Consolidated capital expenditures were approximately $809 million year-to-date 2013. Construction of the $900 million, 335-megawatt Waneta Expansion in British Columbia continues on time and on budget, with completion of the facility expected in spring 2015. Approximately $534 million has been invested in the Waneta Expansion since construction began in late 2010.

Cash flow from operating activities was $680 million year-to-date 2013 compared to $804 million for the same period last year, primarily due to unfavourable changes in working capital.

In July 2013 Fortis issued 10 million 4% Cumulative Redeemable Fixed Rate Reset First Preference Shares, Series K for gross proceeds of $250 million. The proceeds were used to redeem all of the Corporation's 5.45% First Preference Shares, Series C in July 2013 for $125 million, to repay a portion of credit facility borrowings, and for other general corporate purposes. In October 2013 the Corporation closed a private placement of 10-year US$285 million unsecured notes at 3.84% and 30-year US$40 million unsecured notes at 5.08%. The proceeds were used to repay a portion of US dollar-denominated credit facility borrowings incurred to finance a portion of the CH Energy Group acquisition. In September 2013 FortisAlberta issued 30-year $150 million unsecured debentures at 4.85%, the proceeds of which are being used to repay credit facility borrowings, to fund future capital expenditures and for general corporate purposes.

Fortis has consolidated credit facilities of $2.7 billion, of which $1.9 billion was unused as at September 30, 2013. In August 2013 the Corporation extended the maturity of its $1 billion committed revolving credit facility to July 2018.

"We remain focused on completing our capital projects for 2013, which are expected to total approximately $1.2 billion," explains Marshall. "Our five-year capital program to the end of 2017 is projected to total $6 billion and will continue to drive growth in earnings and dividends."

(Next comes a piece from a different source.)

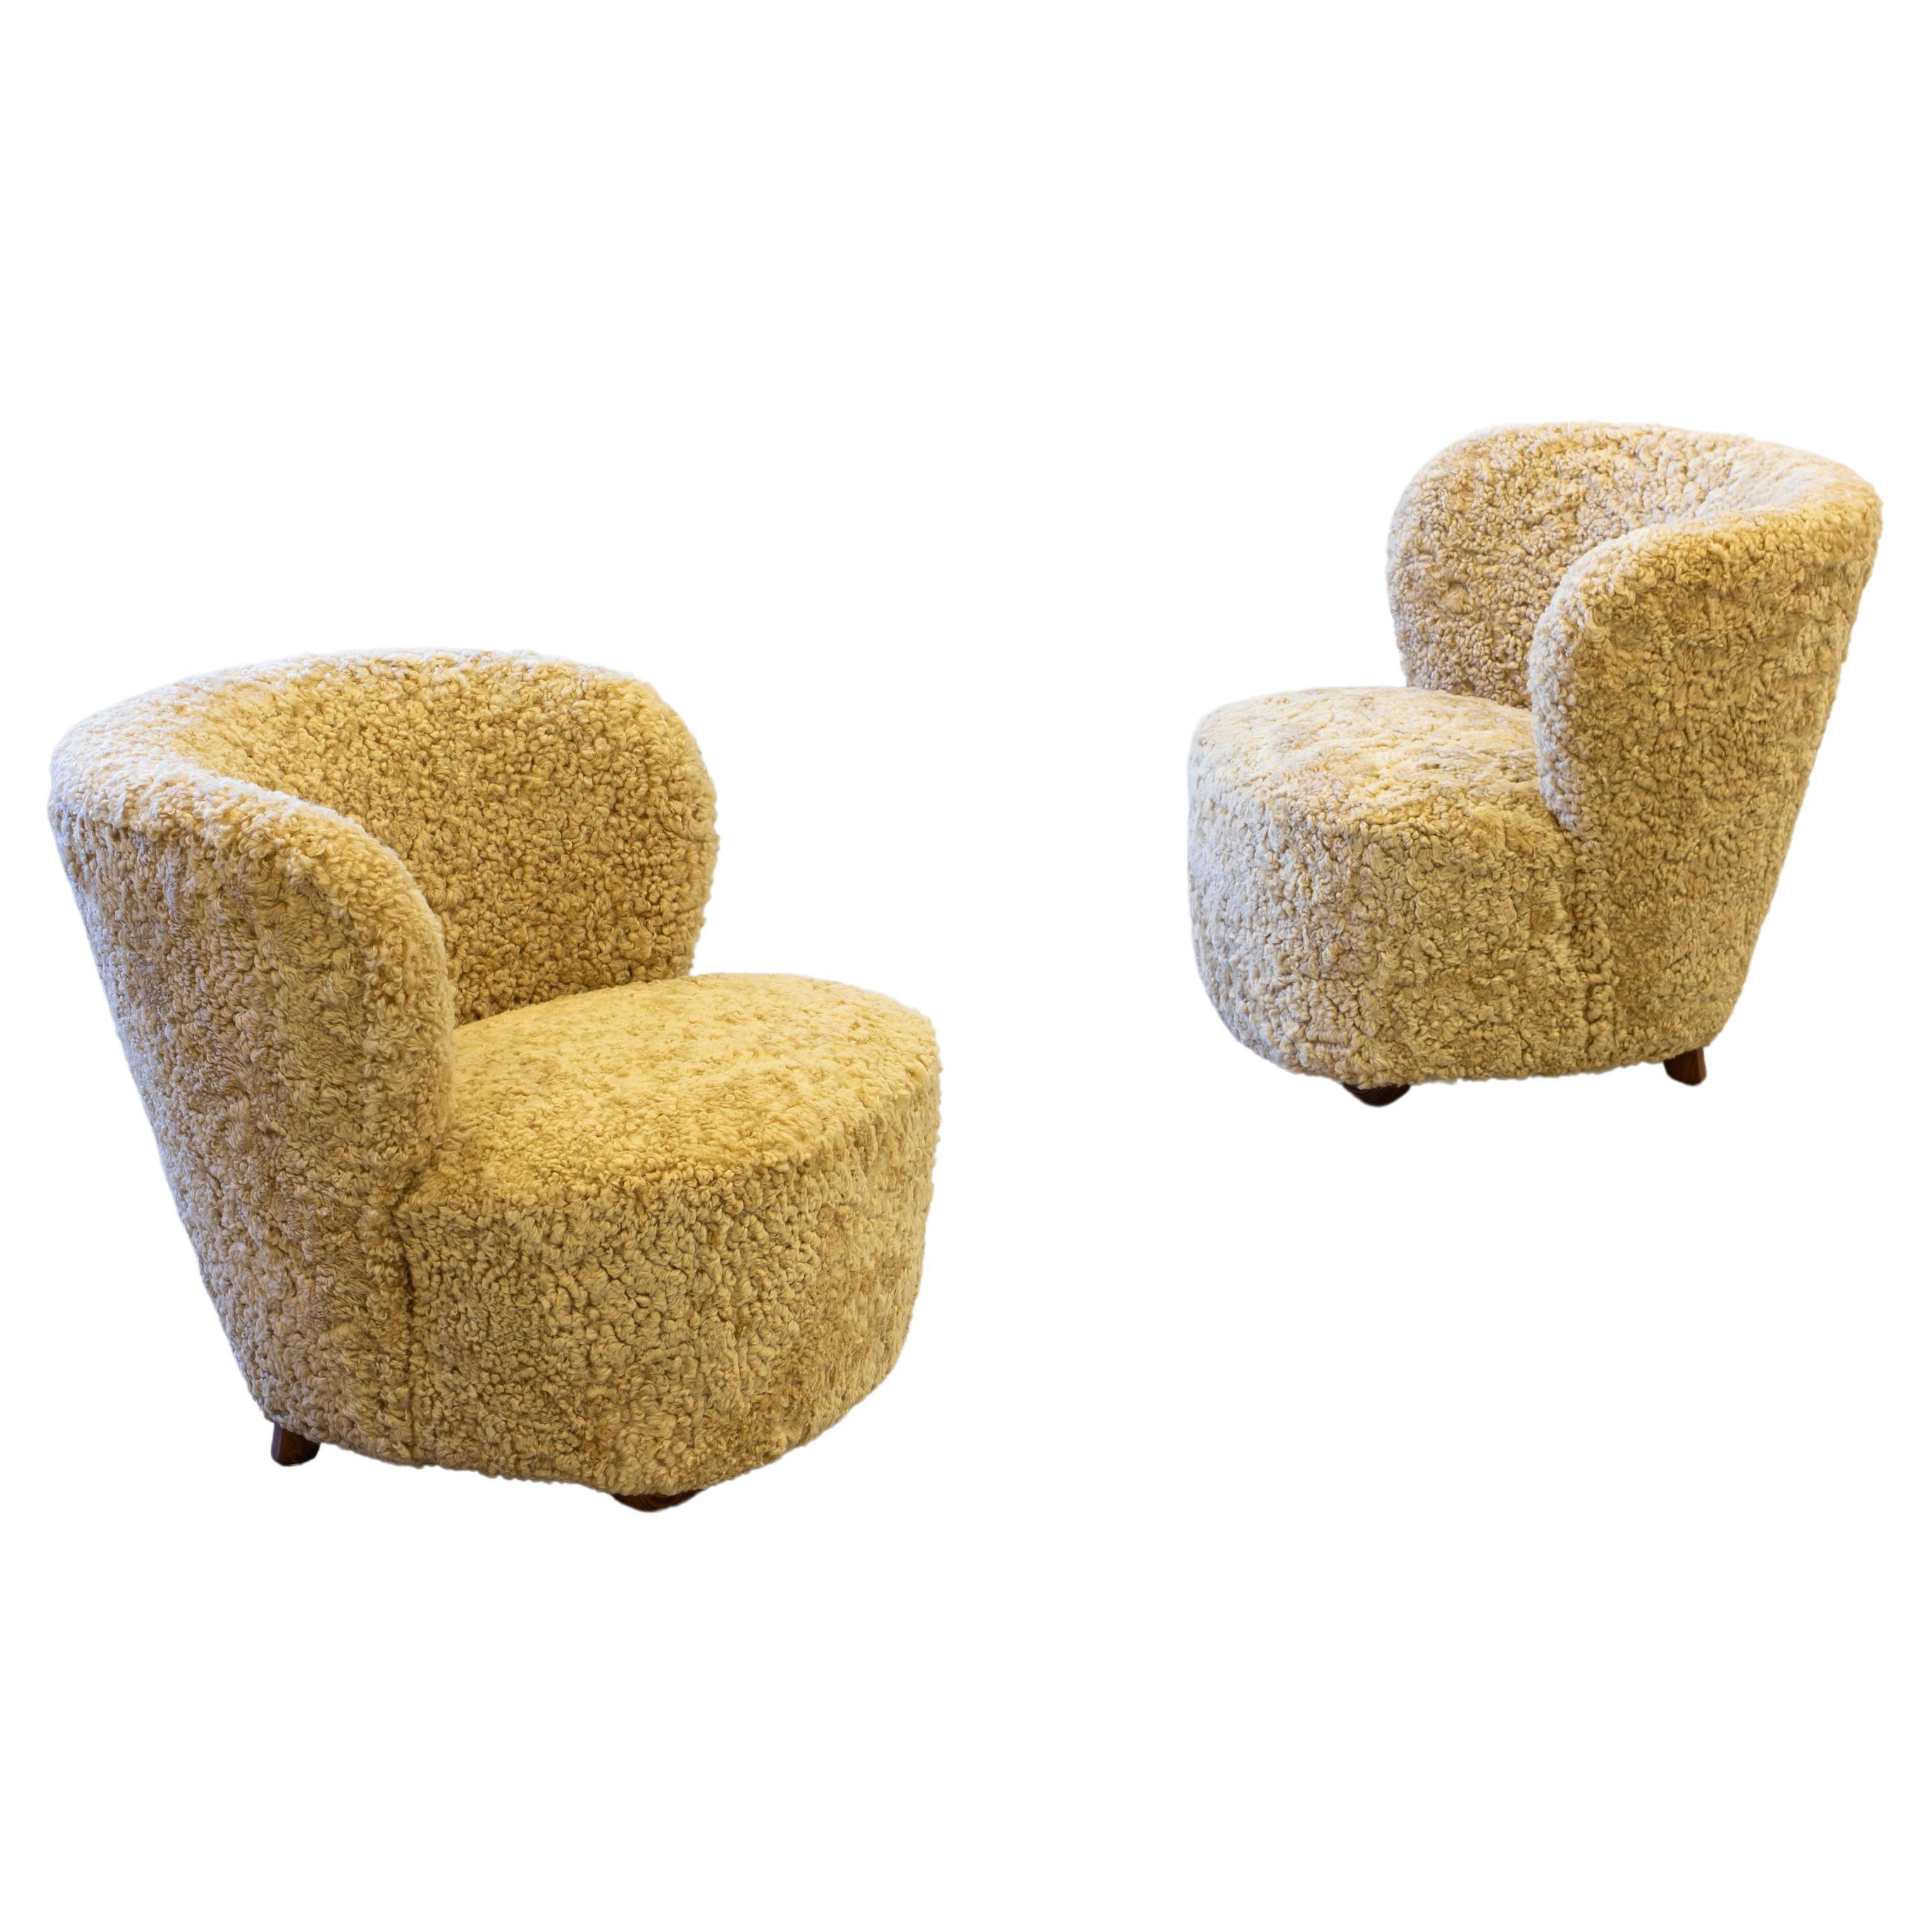 Pair of sheepskin chairs in the manner of Viggo Boesen, Danish modern, 1940s For Sale

FORWARD-LOOKING INFORMATION

The following Fortis Inc. ("Fortis" or the "Corporation") Management Discussion and Analysis ("MD&A") has been prepared in accordance with National Instrument 51-102 - Continuous Disclosure Obligations. The MD&A should be read in conjunction with the interim unaudited consolidated financial statements and notes thereto for the three and nine months ended September 30, 2013 and the MD&A and audited consolidated financial statements for the year ended December 31, 2012 included in the Corporation's 2012 Annual Report. Financial information contained in the MD&A has been prepared in accordance with accounting principles generally accepted in the United States ("US GAAP") and is presented in Canadian dollars unless otherwise specified.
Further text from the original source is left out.